To understand if the degenerative phenotype in the K19-dPA was due to changes in NP cell phenotype and major ECM constituents of the disc, we studied their expression pattern and abundance. The abundance of carbonic anhydrase 3 (CA3), an NP phenotypic marker, was comparable between the genotypes at either time point (Figures 4A,B). Similarly, another NP phenotypic marker, glucose transporter 1 (GLUT1), showed no discernible differences between the genotypes at either time points suggesting that the NP cells did not alter their phenotype in K19-dPA mice compared to dPA control animals (Supplementary Figures S4A, B). Interestingly, increased ACAN levels were observed in the NP of 14M K19-dPA relative to dPA; however, this difference was not evident at 24M. Interestingly, despite increased ACAN, CS levels were lower in the NP compartment of 14M K19-dPA mice, an observation consistent with the FTIR findings and implying decreased ACAN substitution. Similarly, consistent with the increased AF proteoglycan and chondroitin sulfate (CS) content seen in FTIR analysis at the 24M, ACAN and CS levels in AF showed increased abundance in K19-dPA at 24M and levels increased as K19-dPA mice aged from 14 to 24 months suggesting transition into more mucinous matrix. On the other hand, ARGxx, which measures ADAMTS-dependent aggrecan degradation, showed no changes between genotypes at both time points. Additionally, K19-dPA mice did not show an age-dependent decrease in the abundance of cartilage oligomeric matrix protein (COMP) noted in the NP compartment of dPA control mice (Figures 4C,D). COL I and COL II in AF also showed negligible changes with a slight increase noted in COLI abundance in the NP of 14M K19-dPA mice. These analyses suggested that while the NP notochordal phenotype is maintained, there were alterations in a few major ECM components of the disc following increased HIF-2α activity.

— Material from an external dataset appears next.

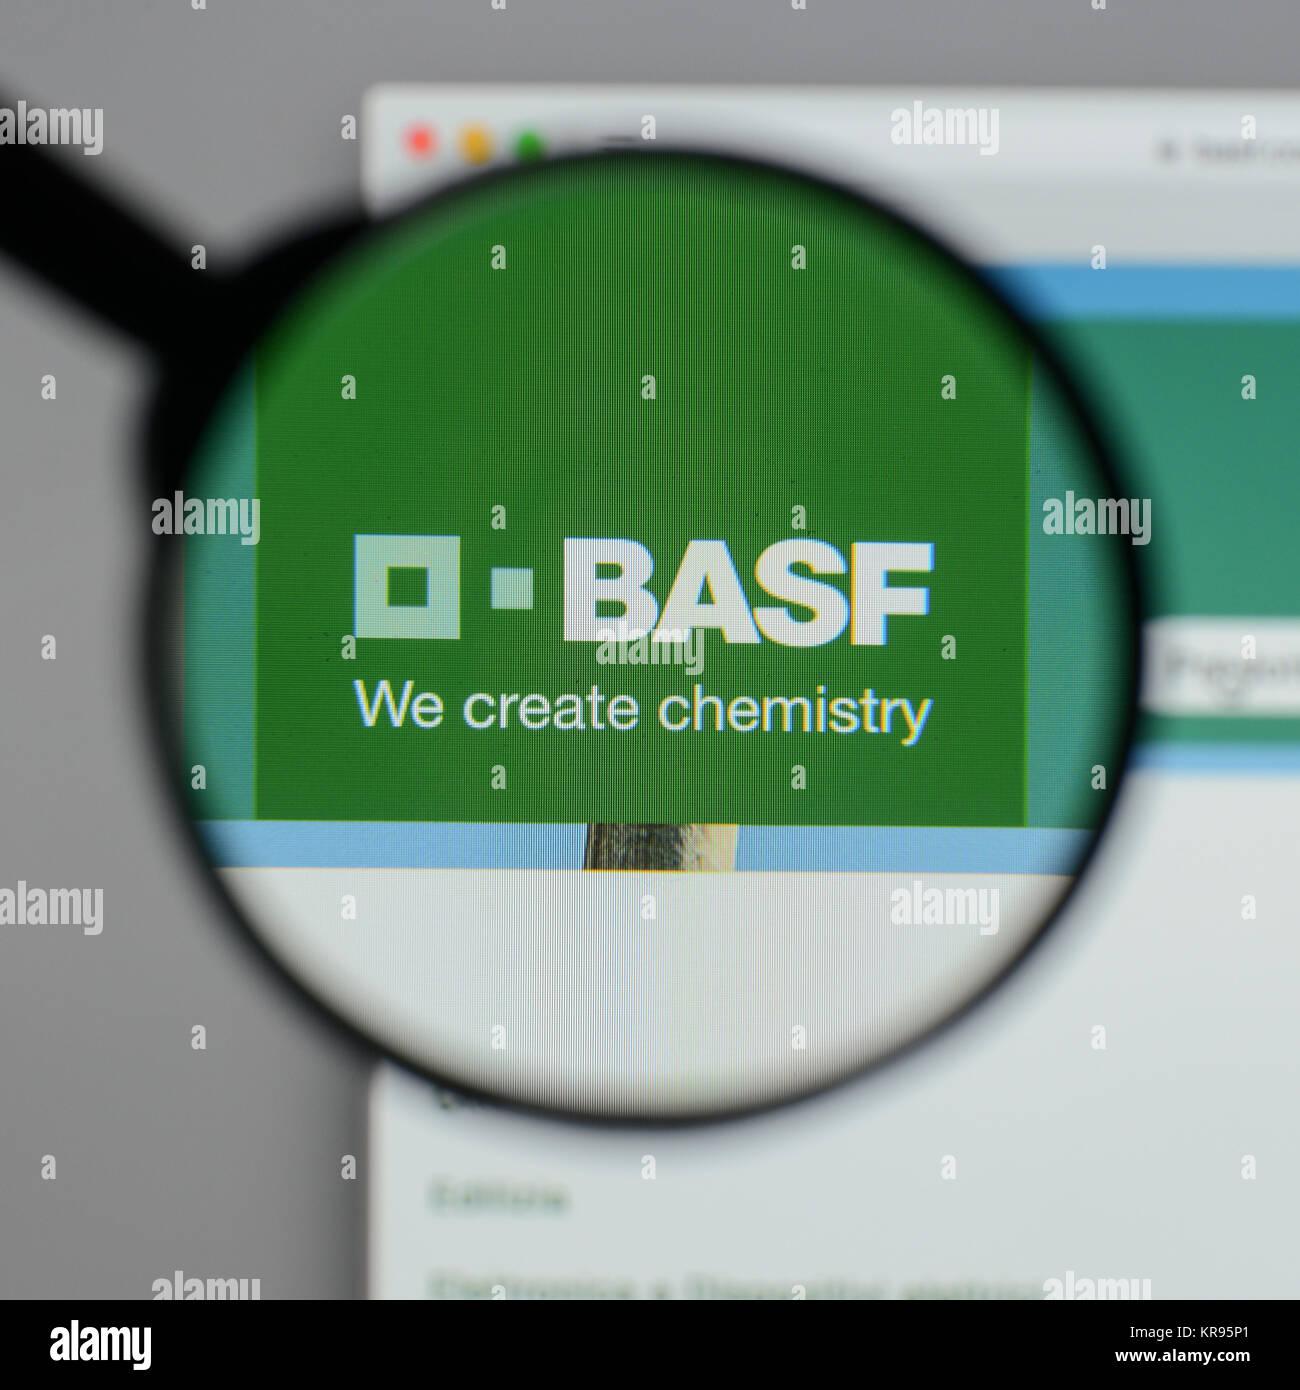 Basf Stock Photos & Basf Stock Images - Alamy

FIGURE 4. HIF-2α overexpression alters the abundance of select key ECM molecules of the disc. (A–B) Quantitative immunofluorescent staining of 14M and 24M dPA and K19-dPA lumbar discs for carbonic anhydrase 3 (CA3), aggrecan (ACAN), aggrecan neoepitope (ARGxx), and chondroitin sulfate (CS), scale bar CA3, CS = 200 μm, scale bar ACAN, ARGxx = 100 μm. (C–D) Quantitative immunofluorescent staining of 14M and 24M dPA and K19-dPA lumbar discs for cartilage oligomeric matrix protein (COMP), collagen I (COL1), and collagen II (COL2), scale bar = 100 μm, n = 7 mice/genotype/time point, one to three discs/mouse, 7–21 discs/genotype/marker. White dotted lines demarcate disc compartments. Quantitative measurements represent the median with the interquartile range. Significance was determined using Kruskal–Wallis with Dunn’s test.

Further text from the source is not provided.